• [SOURCE MATERIAL]:
--- START ---

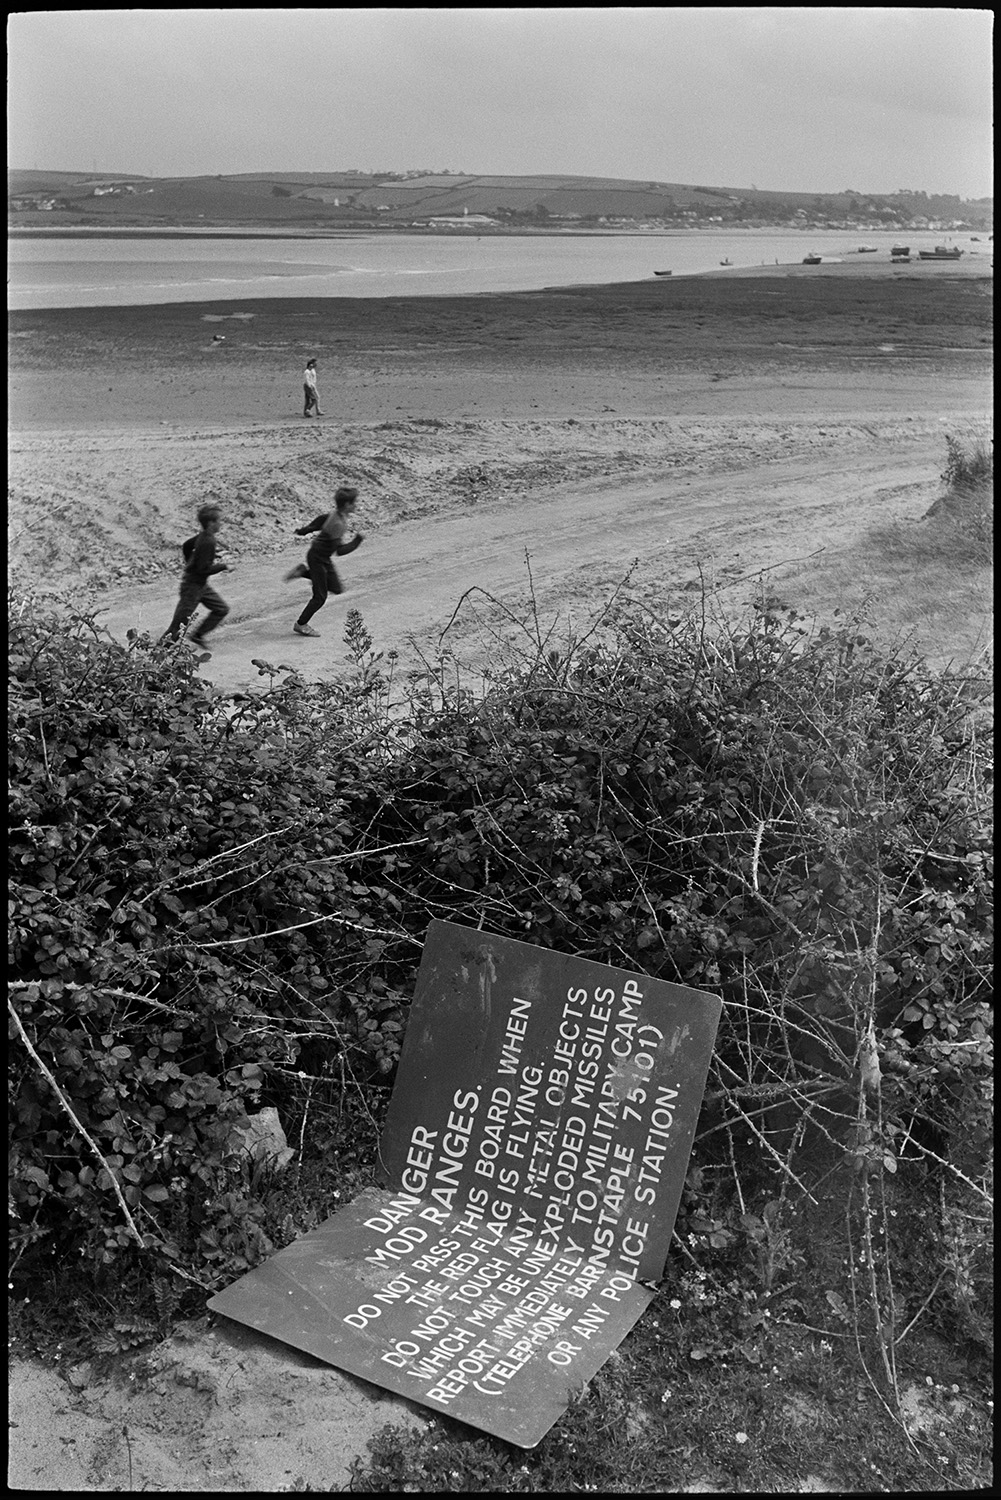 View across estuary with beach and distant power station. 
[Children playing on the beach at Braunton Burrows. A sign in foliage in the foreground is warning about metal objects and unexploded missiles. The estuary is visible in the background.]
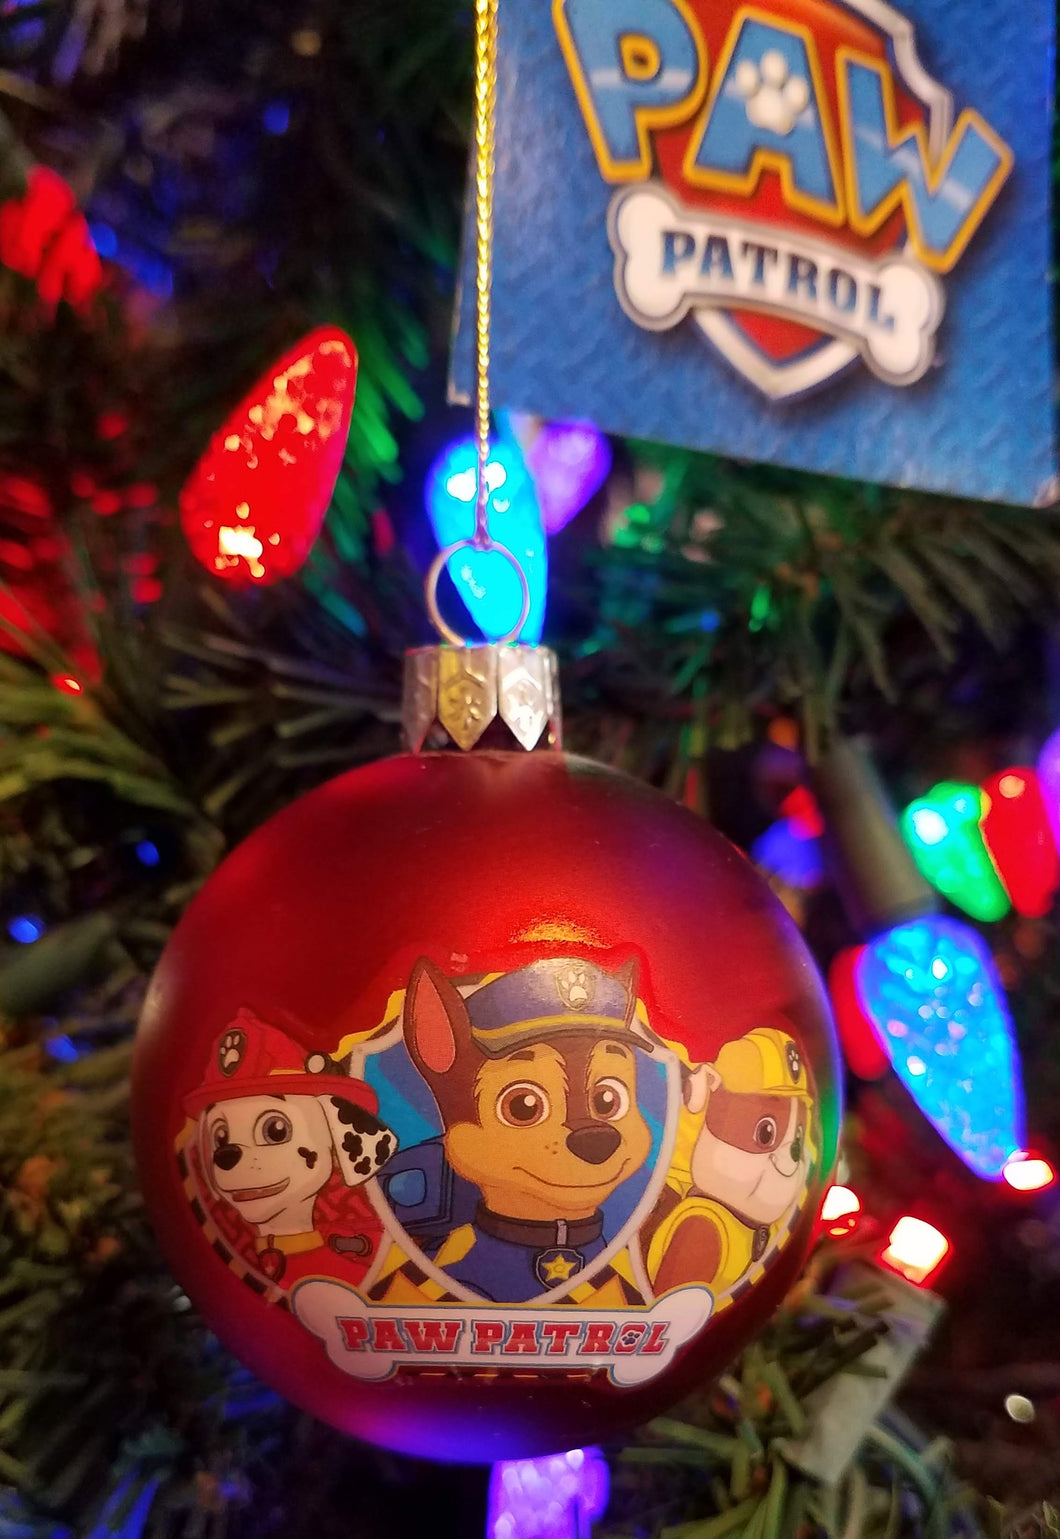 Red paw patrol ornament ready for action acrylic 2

--- END ---

• [PROBLEM REQUIREMENTS]:
Please transcribe the listing exactly as it stands, but omit its pictures.

• [RESPONSE]:
 View across estuary with beach and distant power station. 
[Children playing on the beach at Braunton Burrows. A sign in foliage in the foreground is warning about metal objects and unexploded missiles. The estuary is visible in the background.]
 Red paw patrol ornament ready for action acrylic 2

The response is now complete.